By subtitling his book a novel rather than a straightforward biography, Carrère instantly makes this much more fun to read. And I have to say, I personally don't believe every single thing that was written. But so what. It kept my head buried in its pages, that's what counts at the end of the day.
Sheer force of will as much as talent catapulted Limonov from his dingy upstart in Soviet Kharkov, to the hip artistic underground of late-Sixties Moscow, before heading on to New York and then Paris, where his notorious first novel 'It’s Me, Eddie' was first published in 1980, under the deliberately sensational title - 'The Russian Poet Prefers Big Blacks'. After a scandalous interlude fighting in the Balkans with the Serbs in the early Nineties (the part that really got under my skin, as Limonov blasts a machine gun down on Sarajevo from the surrounding hills, never sure if anyone got killed), and perhaps disappointment at the subsequent failure of his literary career, Limonov switched to politics and headed back to Moscow, where his foundation of the ultra-Right wing, and now banned, National Bolshevik party eventually landed him a spell in prison.
The ambiguity of the book’s genre is also appropriate, since Carrère’s main sources of information on his subject are Limonov’s own writings.
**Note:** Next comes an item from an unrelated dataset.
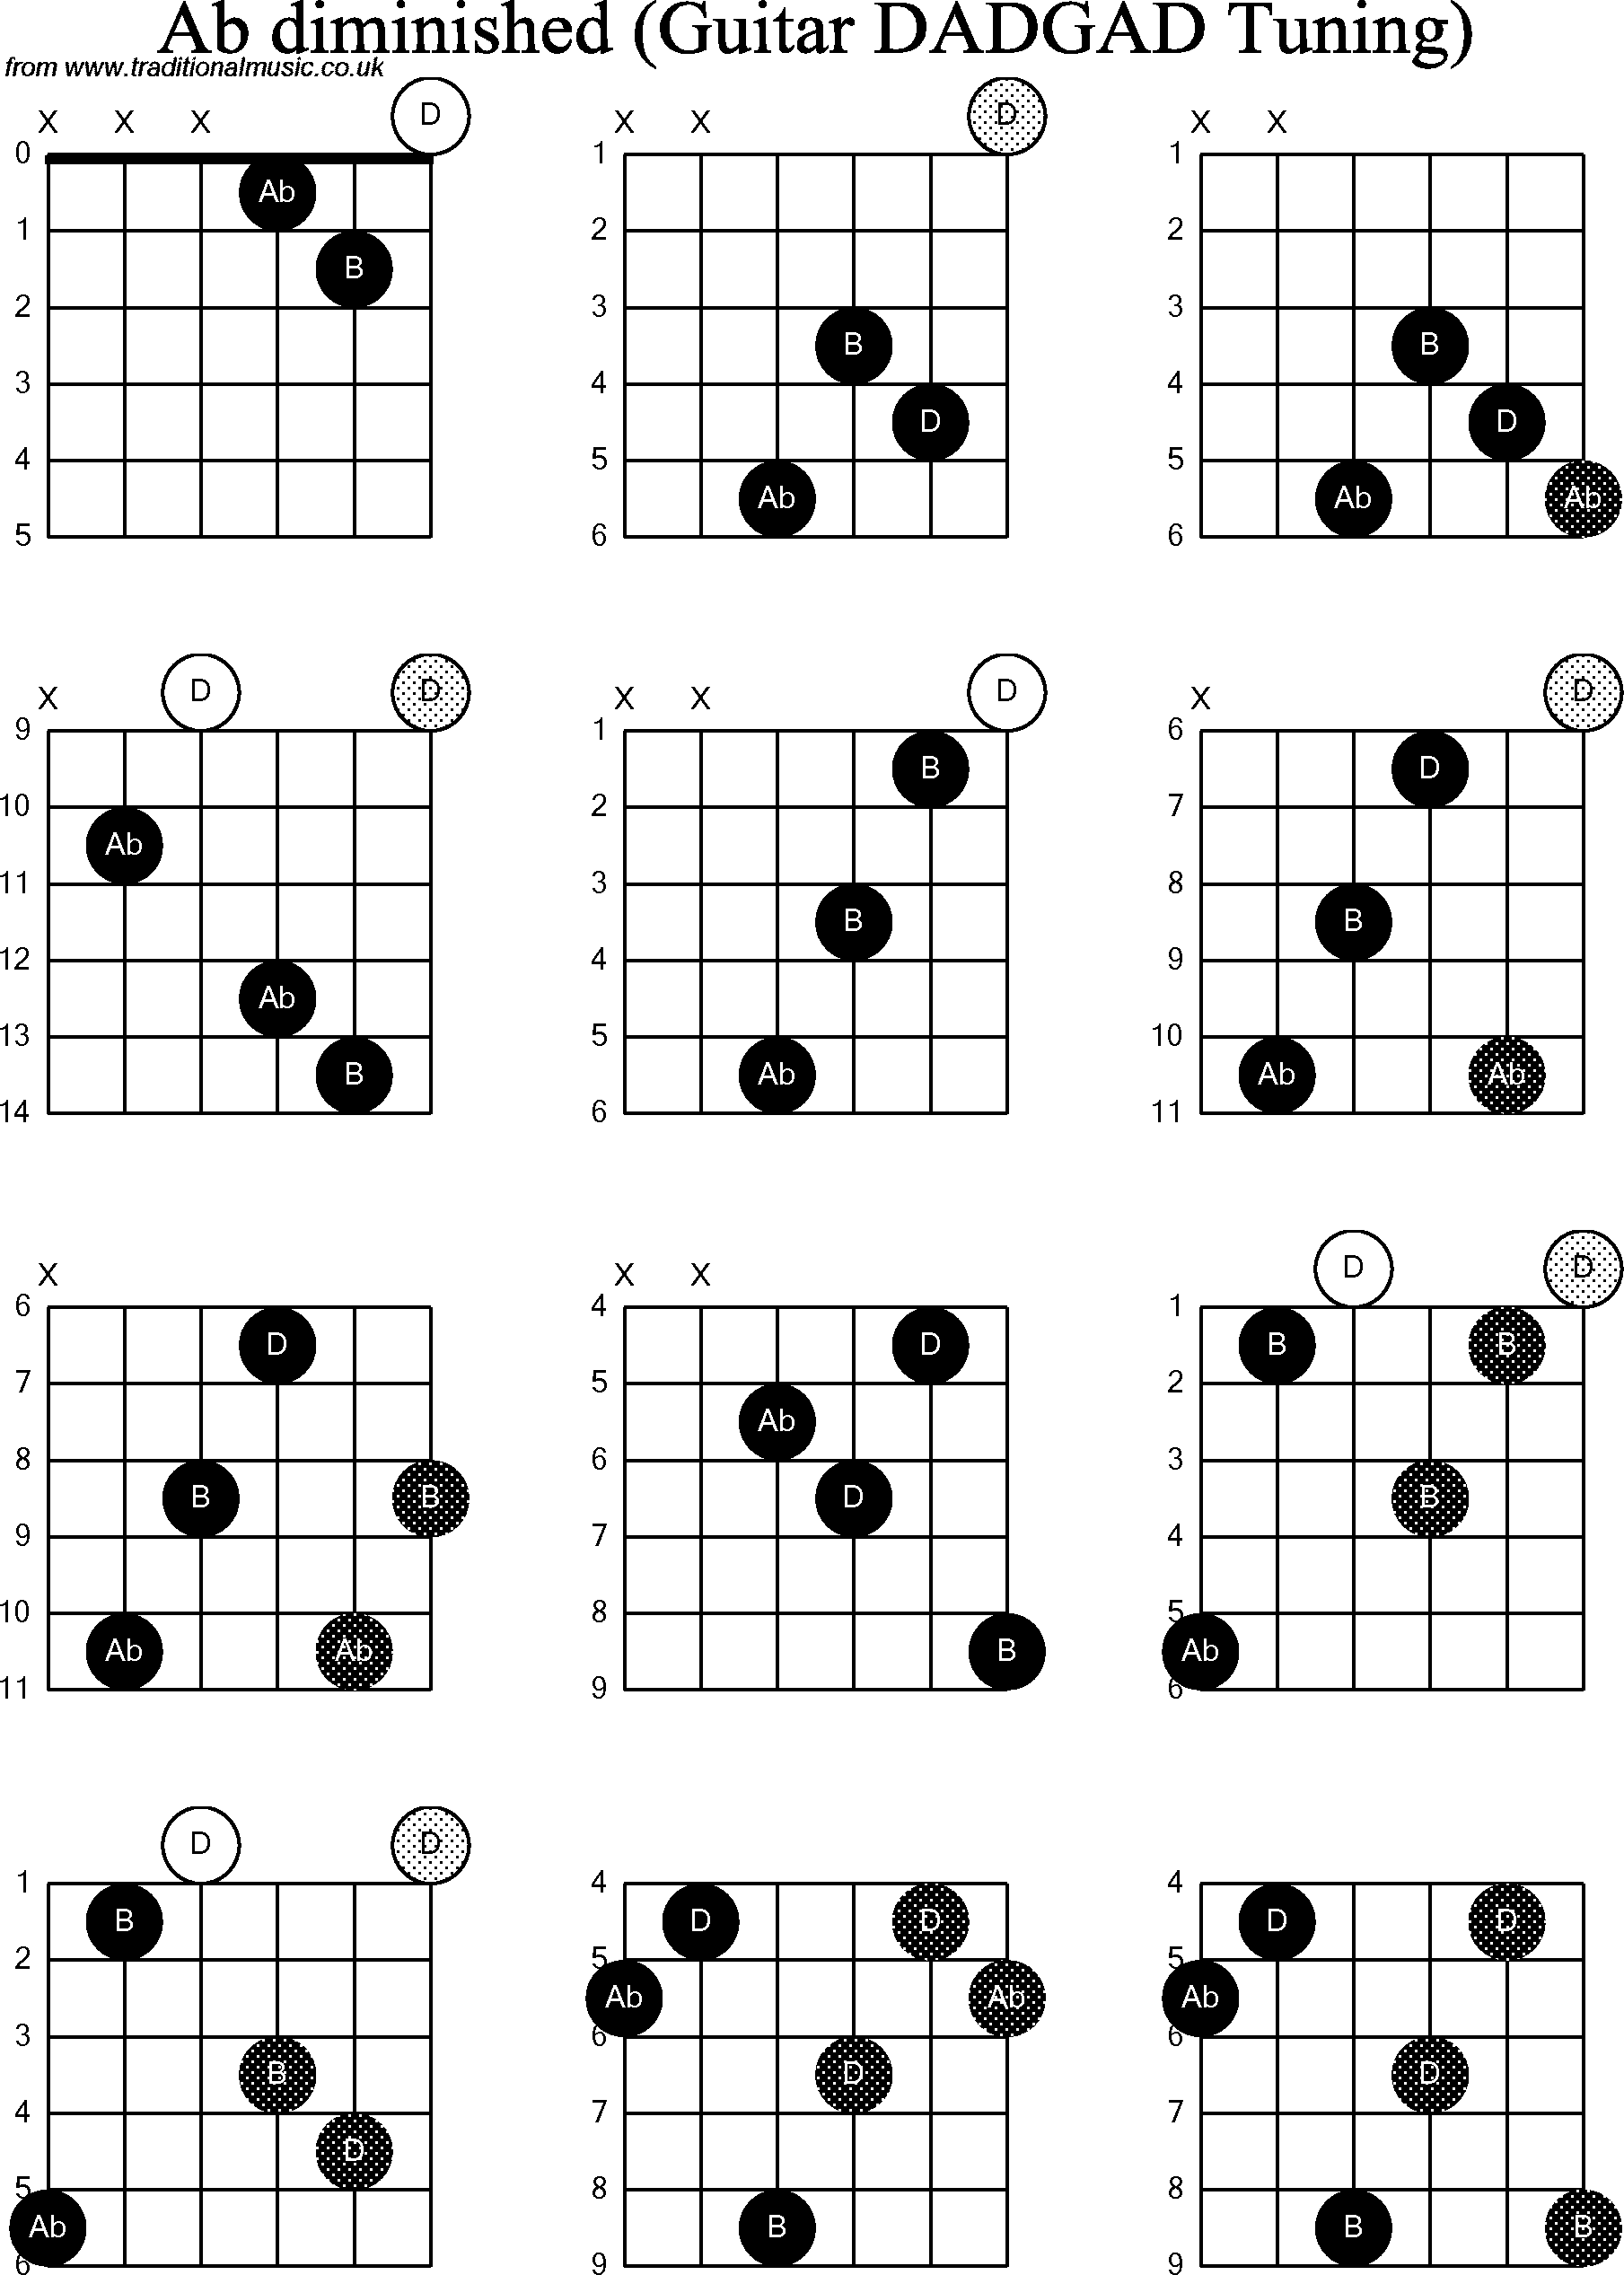 Chord Diagrams for D Modal Guitar(DADGAD), Ab Diminished

Each one is devoted to illustrating another chapter in his unruly, transgressive, and eventful life, and ultimately there is no knowing how much they can be relied upon. Nevertheless, Carrère’s first-person narration, in which he draws on his own experience and skill as a film-maker, journalist, and novelist, lends his endeavour an air of reassuring credibility. However, like I said before, there were parts that seemed a little too unconvincing.
Admiration for Limonov’s courage and odd integrity is balanced by repudiation of his often unsavoury politics, and apart from the political figures he brings into the mixture, from Trotsky to Putin, whom the supremely well-read Limonov either emulates or mirrors, the path of Limonov’s career suggests numerous literary prototypes, both real and invented. They range from the deeply ambivalent hero Pechorin in Lermontov’s 'A Hero of Our Time' to the internationally feted and envied Joseph Brodsky, a Nobel laureate. But perhaps the strongest parallels are to be drawn with the megalomaniac poet Vladimir Mayakovsky, the eternal revolutionary, who eventually shot himself in 1930 rather than compromise with a contaminated regime.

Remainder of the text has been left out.